### ASSIGNMENT
Leave out the pictures and retype, exactly, the lines below from the line with "Christmas stuff 1280x1024" up to and including the line with "Garlic is my favorite ingredient", nothing more.

### INPUT RECORDS
# # #

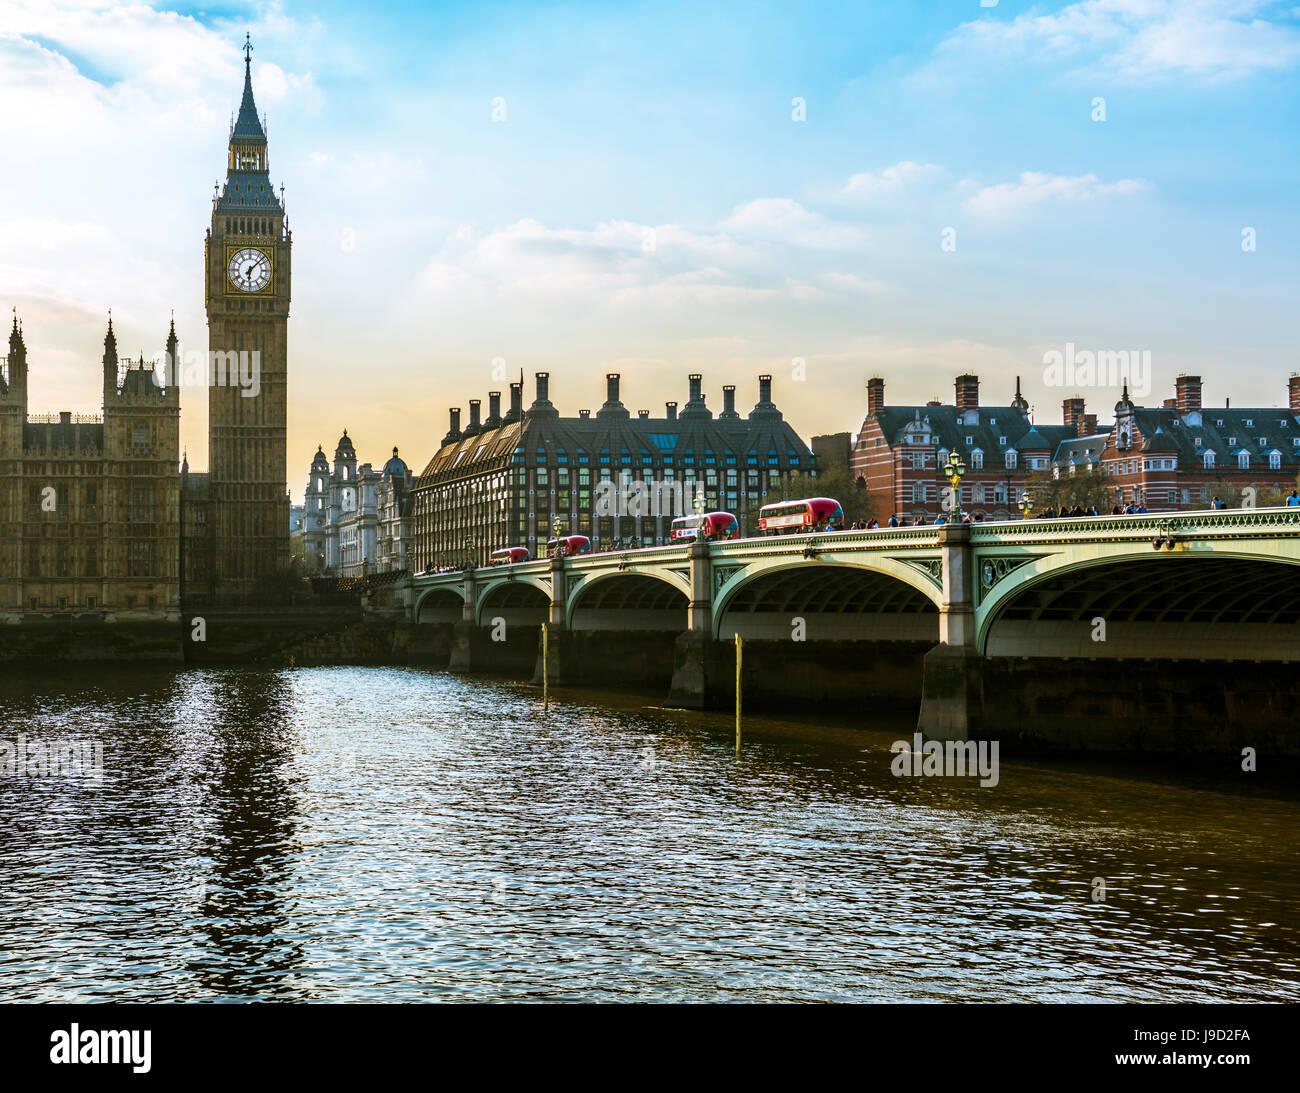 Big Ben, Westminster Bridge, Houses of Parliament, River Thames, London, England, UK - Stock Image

# # #

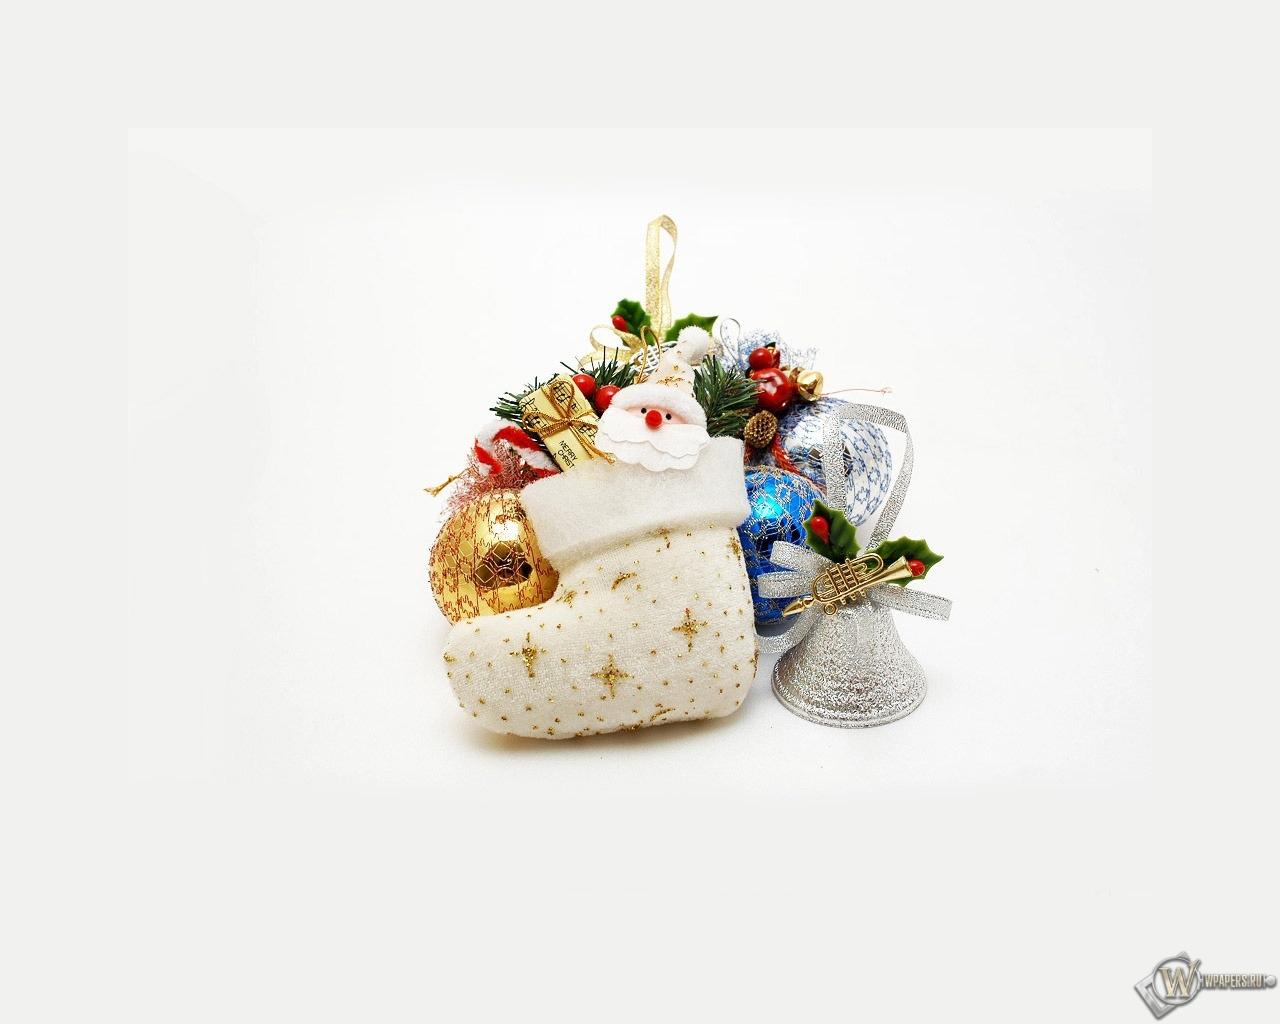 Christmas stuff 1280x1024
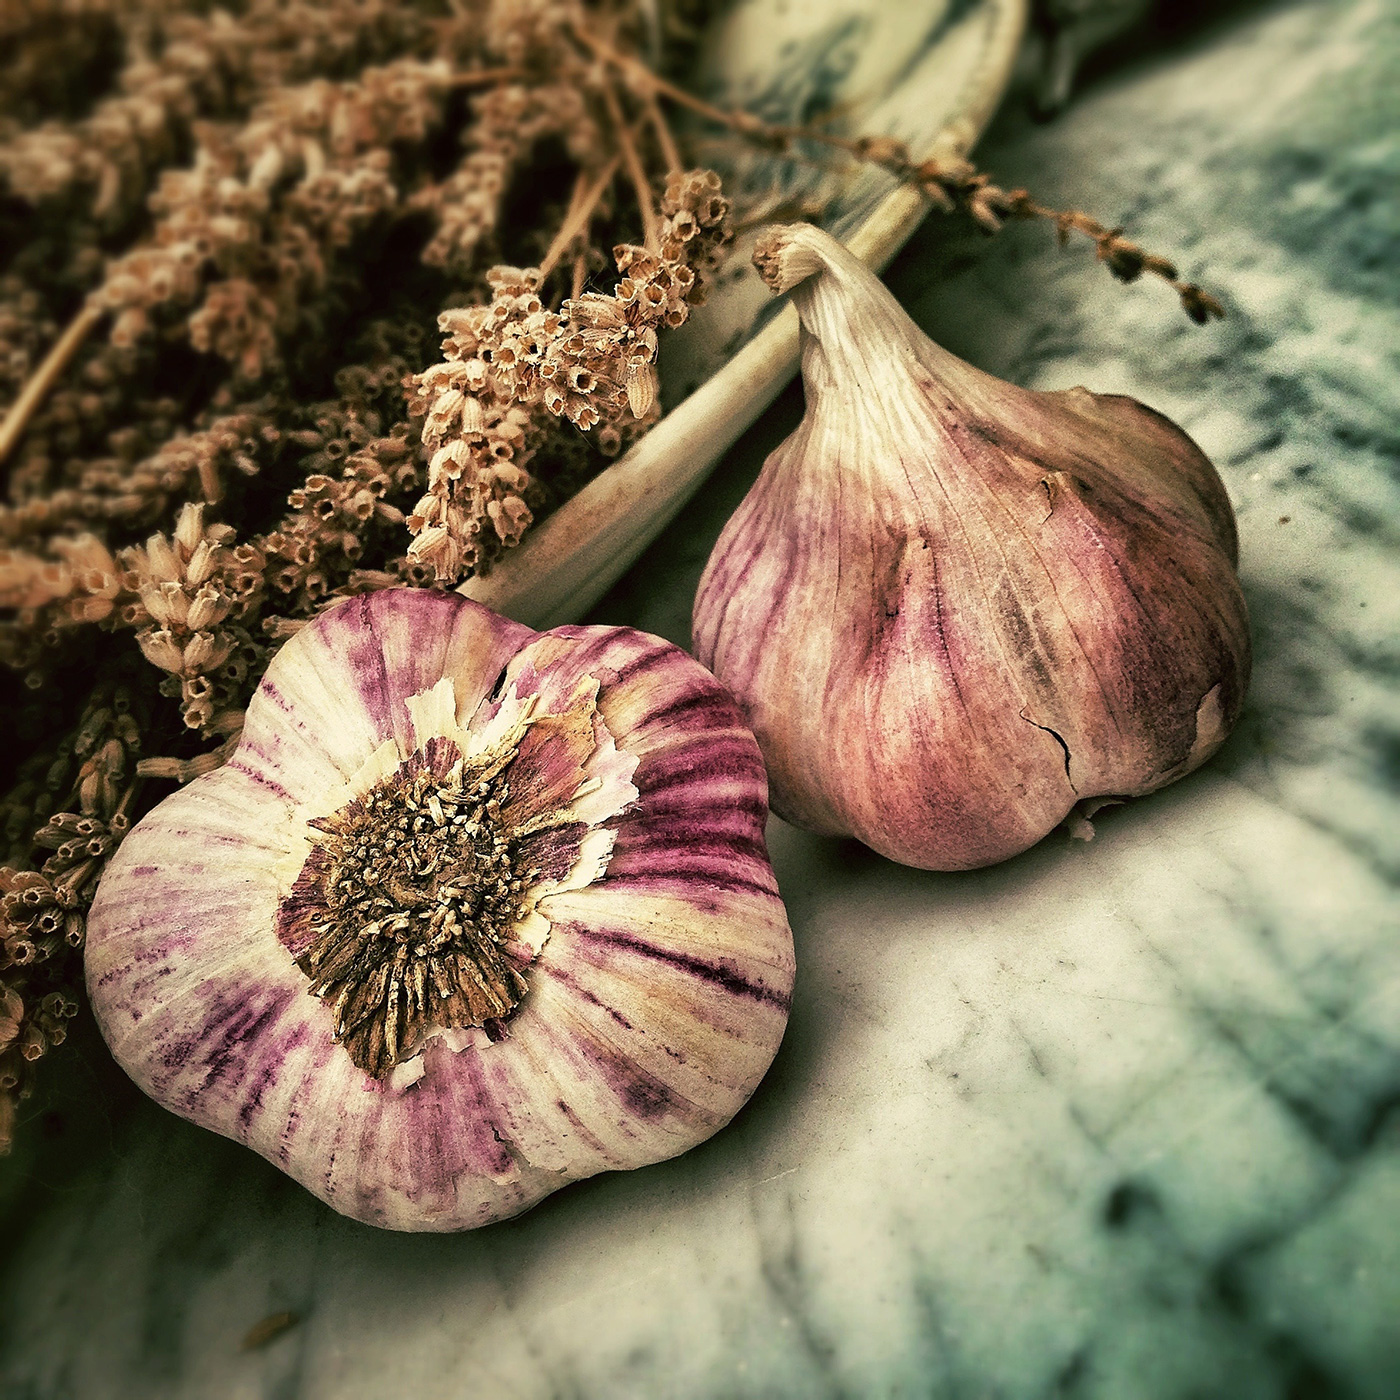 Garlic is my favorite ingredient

# # #

### ANSWER AREA
 Christmas stuff 1280x1024
 Garlic is my favorite ingredient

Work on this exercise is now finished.